Utility of attention module. We analyse the attention module for WoAM and D-SSCA, corresponding to the model without considering the attention module and our final model, respectively. As shown in Figure 3B and Table S6, the model with an attention module performs better on most datasets than that without an attention module. The relative improvement of D-SSCA over WoAM is 0.45% for ACC, 0.53% for ROC–AUC and 0.49% for PR–AUC, respectively. As we mentioned, several latent features related to TFs-DNA interaction should be captured more than other features. Therefore, the attention module is necessary for the presented D-SSCA model. This module helps our model to focus on critical latent features and suppress useless ones simultaneously.

To reveal how the attention module operates in practice and provide a clear picture of the function of the attention module, we analyze the distribution of the attention weights from the presented CATTM block. More specifically, we sample binding sites of Dnd41-CTCF, one of the most important binding proteins for transcription regulation, from the collected validation datasets. Then, we compute the average attention weights for all samples of Dnd41-CTCF and visualize the related distribution. Moreover, we compute the average attention weights of the corresponding negative samples for reference. The distribution of the attention maps is shown in Figure 3C. The observations about the role of attention operation are 2-folds. On the one hand, for high-order features from sequence profiles, the attention weights have specificity over several channels, demonstrating that various features from sequence profiles exhibit particular importance for TFBSs prediction. On the other hand, for high-order features from shape profiles, the attention weights are very similar over most channels, which indicates that shape-level attention is less important than sequence-level attention in performing feature refinement. To sum up, the presented CATTM block provides sequence-level specific responses for improving the performance of TBFSs prediction.

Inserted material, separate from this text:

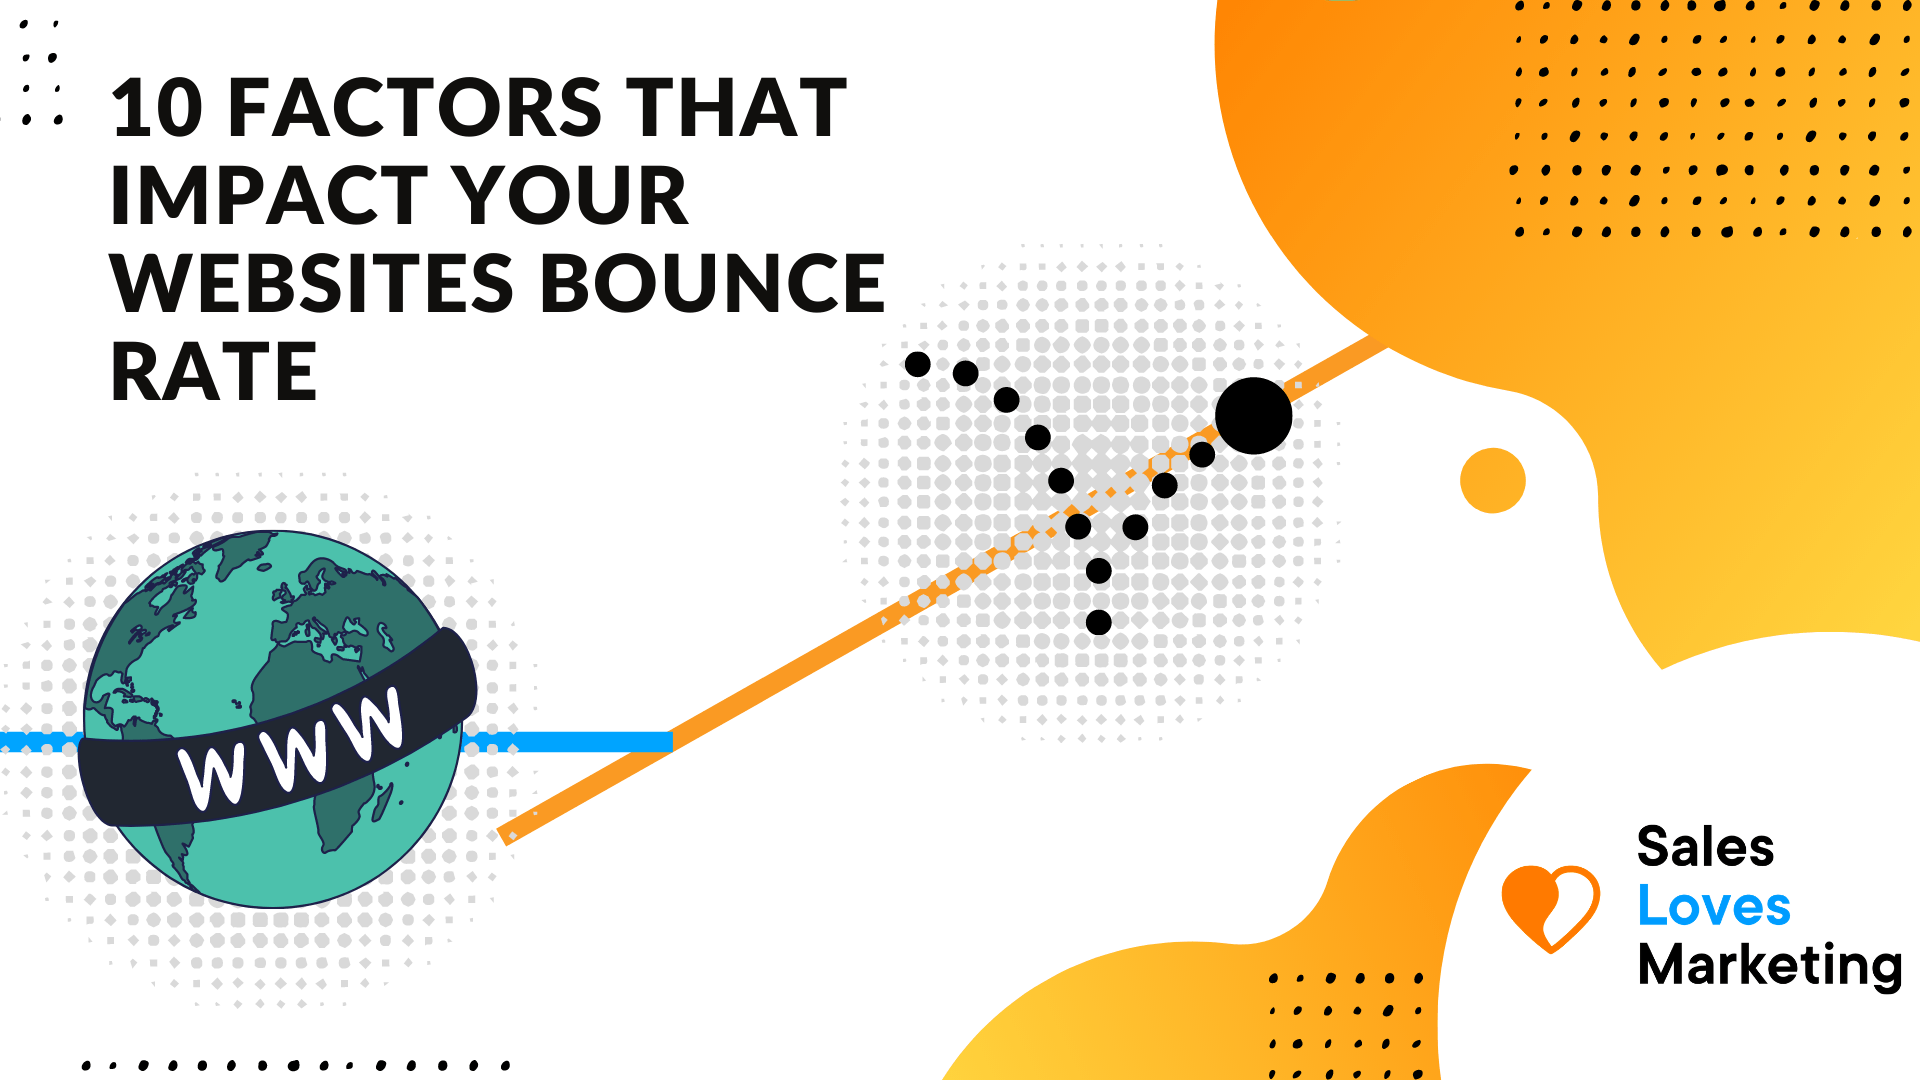 10 Factors That Impact Your Websites Bounce Rate

Utility of data-level fusion. We investigate the utility of data-level fusion on the completed datasets concerning ACC, ROC–AUC and PR–AUC, and report the performance of the model with data-level fusion and model with intermediate-level fusion. As shown in Figure 3B and Table S6, the model with intermediate-level feature fusion significantly outperforms the model with data-level feature fusion. This is mainly because some information implicit in raw samples may be redundancy and data-level feature fusion cannot fully utilize the complementary between multiple inputs, resulting in the limitation of prediction performance. Hence, the intermediate-level feature fusion is more appropriate for the presented D-SSCA model.

3.3 Contribution analysis of DNA shape (RQ3)

To investigate the importance of DNA shapes in TFs-DNA recognition, according to the publication [37], the presented D-SSCA model is adopted to infer the power of shape features in TFBSs prediction across the 165 ChIP-seq datasets. For individual datasets, D-SSCA is applied to identify TFBSs based on HelT, MGW, ProT, Roll, EP and the combination of five shapes referred to as shape combination. The performance increase of ROC–AUC is used to measure the feature importance.

Firstly, we construct a series of architectures by varying the number of convolutional kernels and the number of convolutional layers to study the impact of the model complexity on the representation ability of both sequence and shape features. A brief description of the architectures is shown in Table S4. The results demonstrated in Figure 4A indicate that the one-layer_128-kernels model yields the best performance concerning ROC–AUC. This reveals the importance of utilizing good convolutional kernels to capture high-order features from sequence and shape profiles. Therefore, all the studies carried out in this paper leverage the one-layer_128-kernels model.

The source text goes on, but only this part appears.